* Problem to work on: Each line of the data must be given back verbatim, with pictures removed.

===== Data below =====

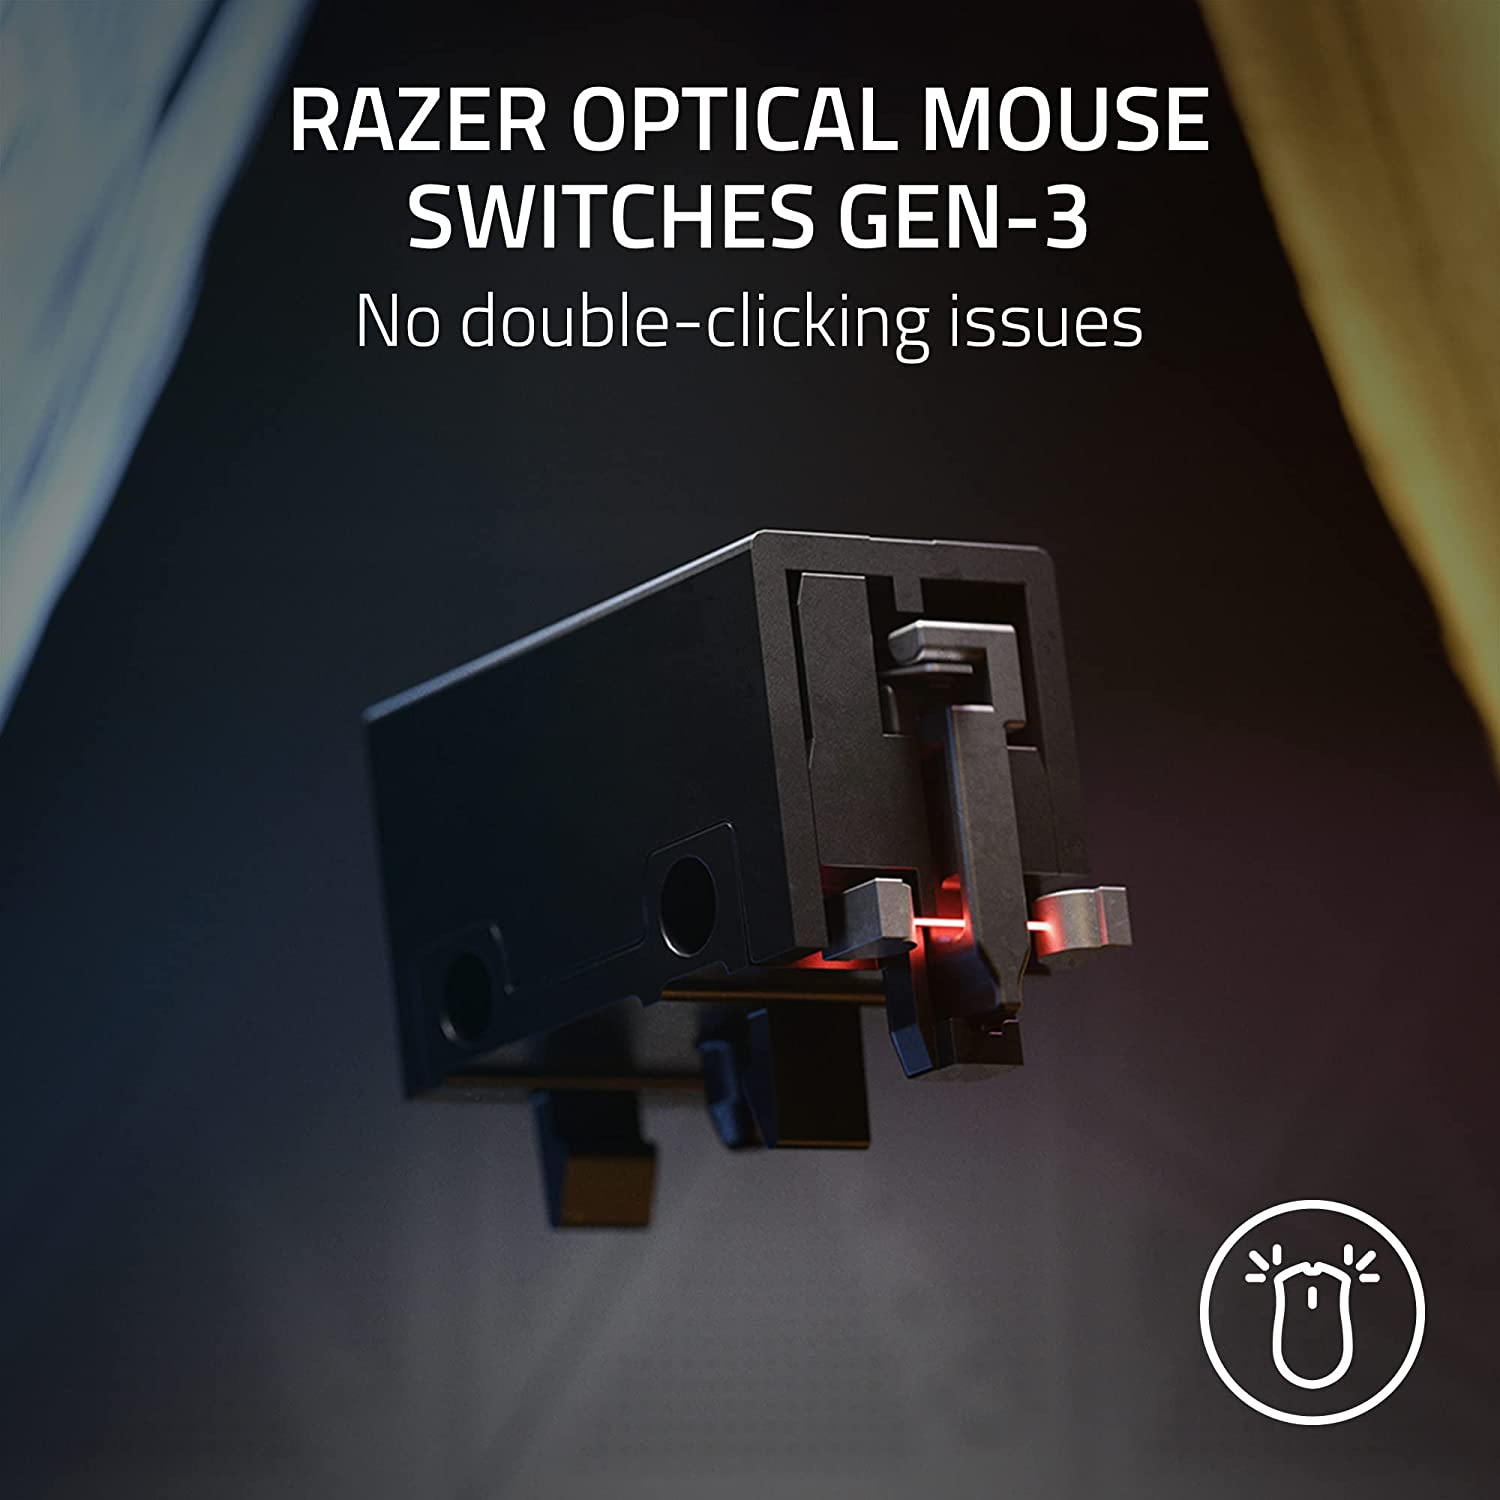 Razer DeathAdder V3 Wired Gaming Mouse: 59g Ultra Lightweight - Pro 30K Optical Sensor - Fast Optical Switches Gen-3-8K Hz HyperPolling - 6 Programmable Buttons - Ergonomic - Speedflex Cable - Black
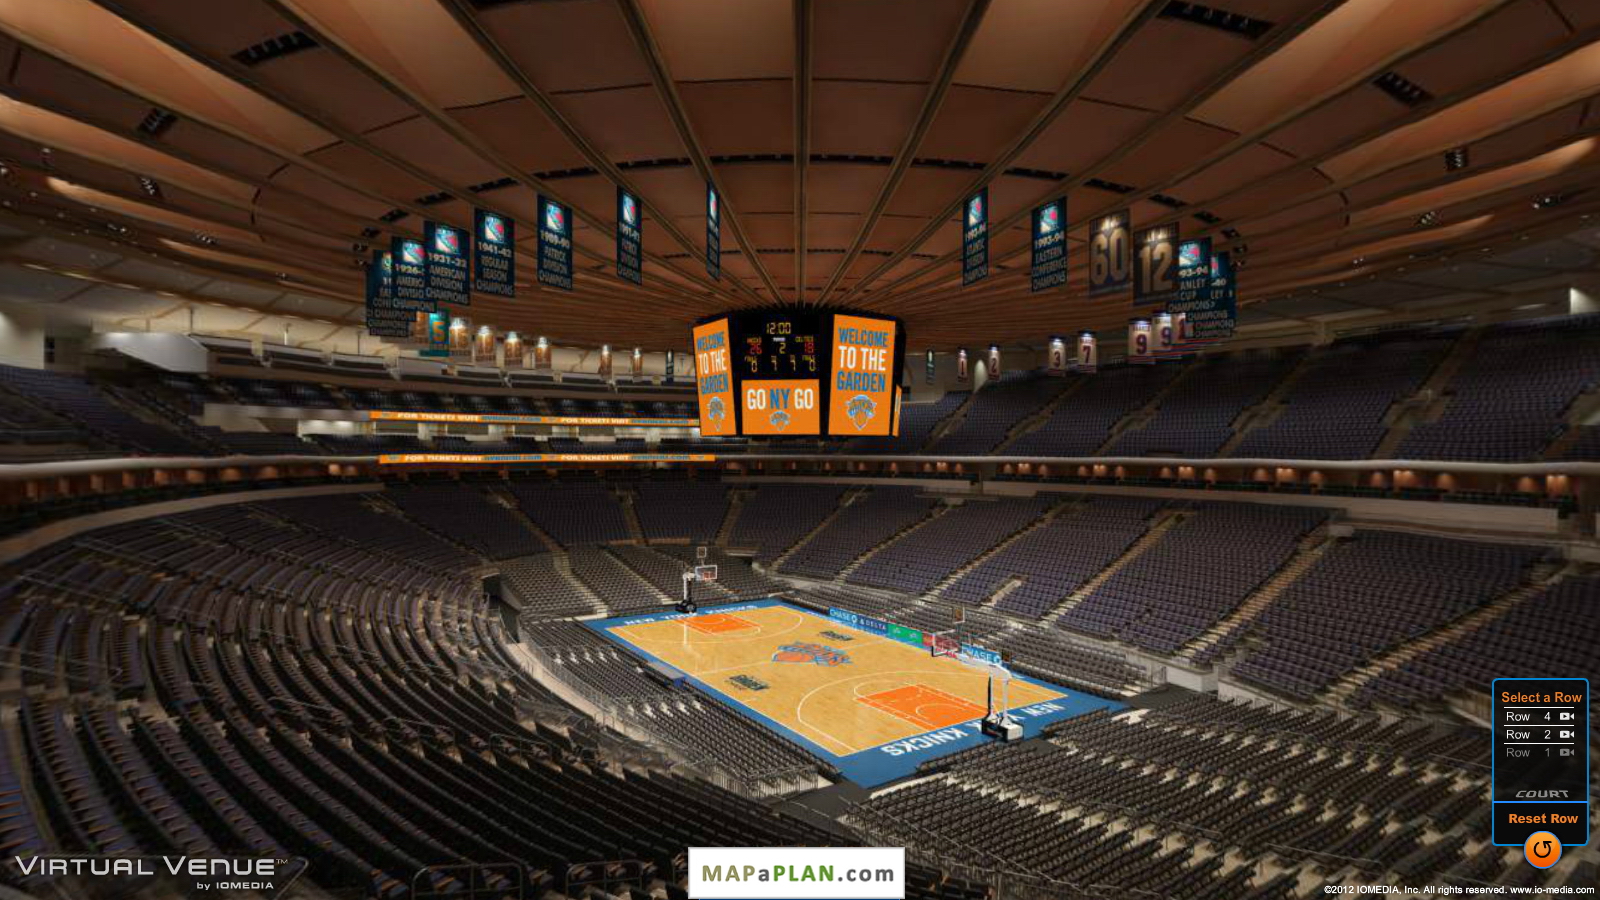 Madison square garden seating chart View from section 201
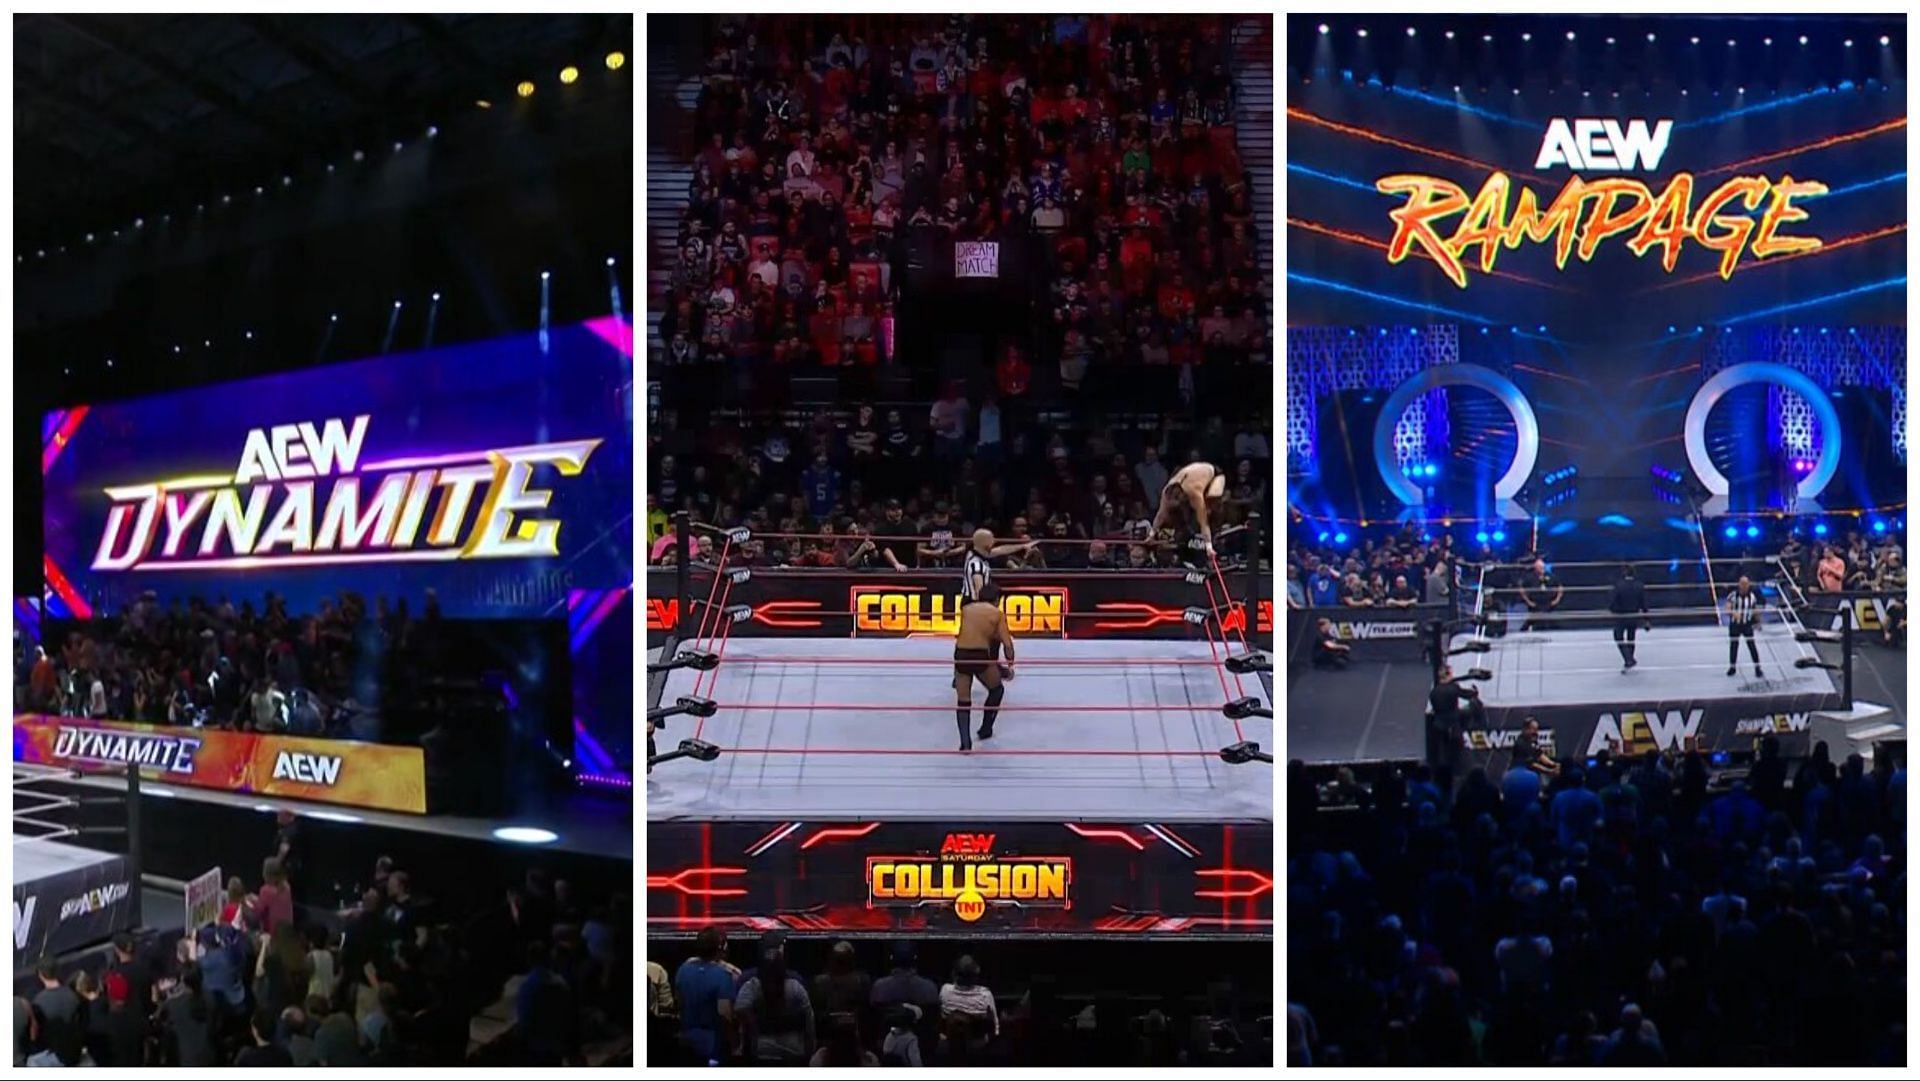 A look at the AEW Dynamite, Rampage and Collision sets
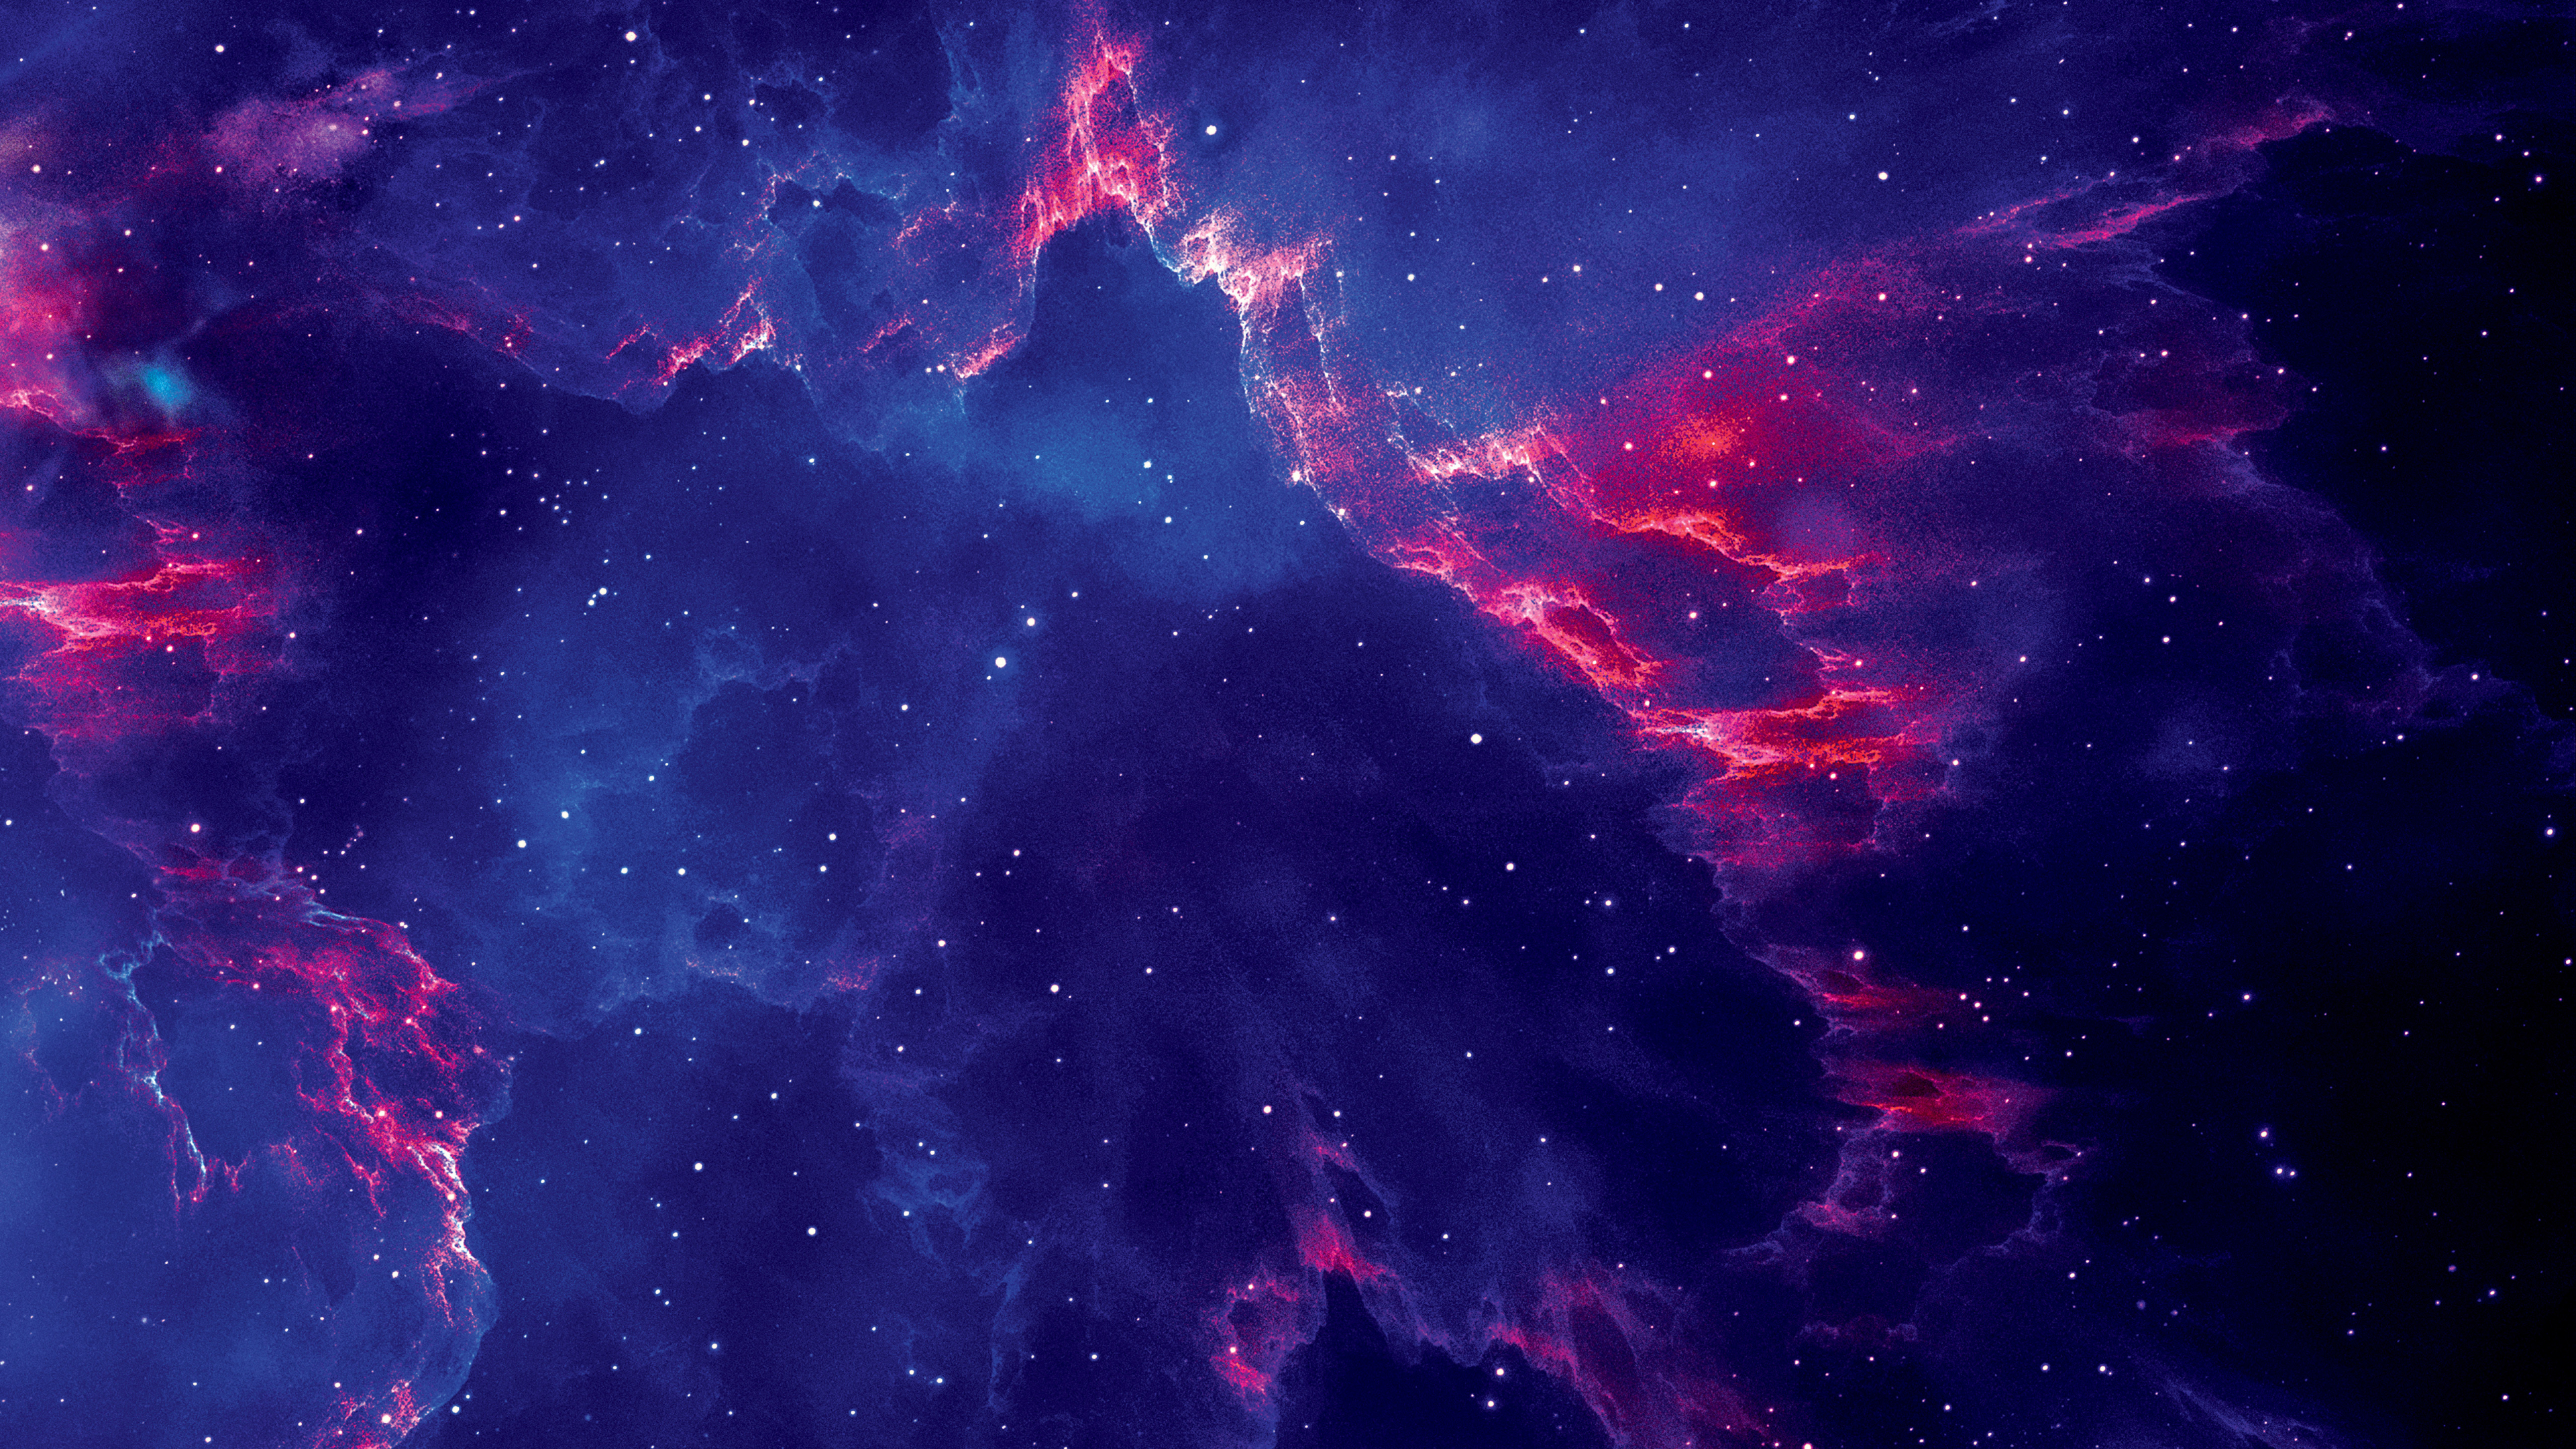 Download 3840x2160 wallpaper starry and cloudy, cosmos, galaxy, clouds, 4k, uhd 16: widescreen, 3840x2160 HD image, background, 21030

=====

* Response to this exercise:
 Razer DeathAdder V3 Wired Gaming Mouse: 59g Ultra Lightweight - Pro 30K Optical Sensor - Fast Optical Switches Gen-3-8K Hz HyperPolling - 6 Programmable Buttons - Ergonomic - Speedflex Cable - Black
 Madison square garden seating chart View from section 201
 A look at the AEW Dynamite, Rampage and Collision sets
 Download 3840x2160 wallpaper starry and cloudy, cosmos, galaxy, clouds, 4k, uhd 16: widescreen, 3840x2160 HD image, background, 21030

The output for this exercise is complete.